Before the COVID-19 pandemic, determining a dealership’s value was a pretty straightforward process. However, after 2019, buy/sell valuations became trickier. After weathering the brunt of the pandemic in 2020, the retail auto market revved up again, and profits soared. Joining us today on CBT Now is Alan Haig, President and Founder of Haig Partners, to take a closer look at the rapidly changing landscape of dealership valuations.

“2021 was the most active year ever in our industry, probably by double,” Haig says. Although, 2022 has yet to see the enormous deals that happened in the previous year. However, he says the number of sales this year is ahead of last year’s pace.

Haig says the uncertainty of the market has made valuation more difficult. He explains that profits have more than tripled from 2019 to the first half of 2022, a fact he calls “fantastic.” He also points out that all dealers recognize that margins are likely to come down.

About a month ago, Haig says his company looked closely at how accurate valuation estimates have been. In 2019, he says those estimates were dead on, falling at 98% of the midpoint of the company’s high-low range. In 2020, because the company didn’t anticipate the pandemic when giving estimates, the offers that customers accepted were 86% of the midpoint of the range.
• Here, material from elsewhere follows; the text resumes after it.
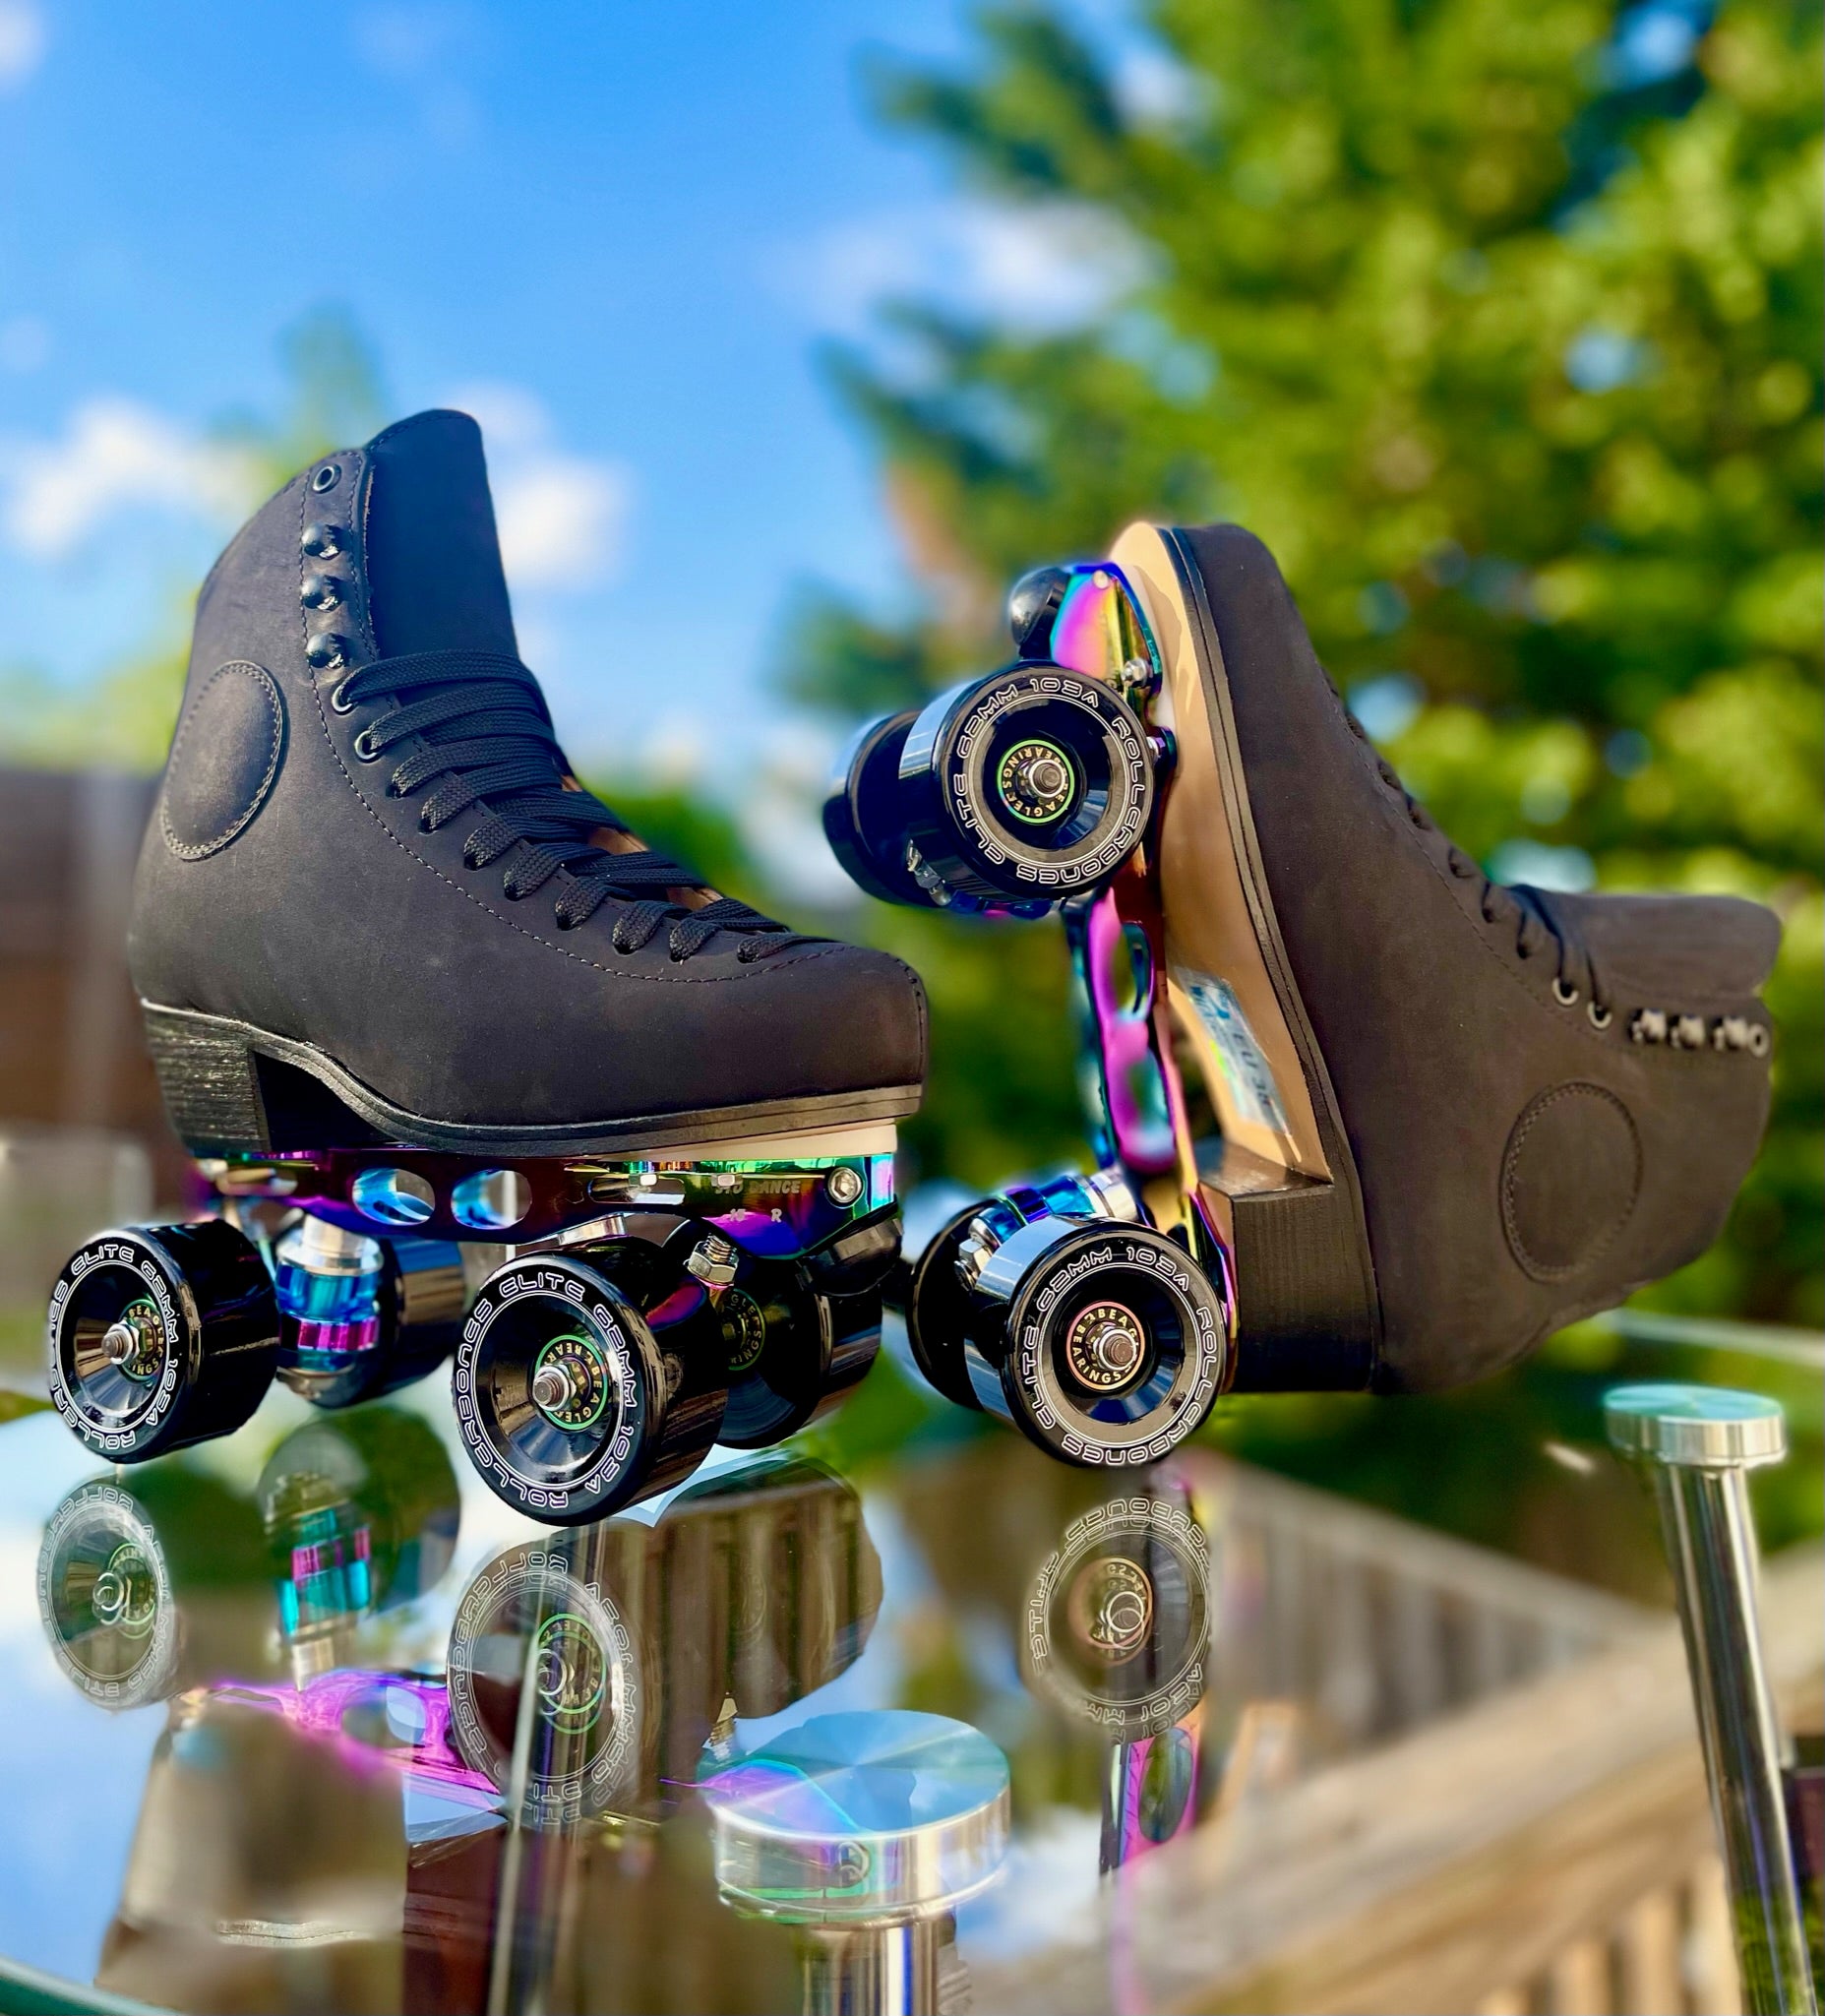 Load video: A video slideshow of various roller skates

“As profits took off the market was running faster than we could keep up,” Haig says.

Haig says the industry is looking in the rear-view mirror to estimate value and anticipates some decline because of rising interest rates and inventory levels. He says he expects that the formula the company uses to evaluate valuation probably needs to change again.

Haid says the market still has a significant amount of instability but believes dealers won’t suffer as much as other businesses because of the pent-up demand. He does expect valuations to come down slightly during the second half of this year, something the industry is already starting to see.

When asked about Ford’s EV certification for dealers, which cost between $900,000 and $2 million, Haig says many dealers are evaluating their future plans and measuring how the investment will affect their future return.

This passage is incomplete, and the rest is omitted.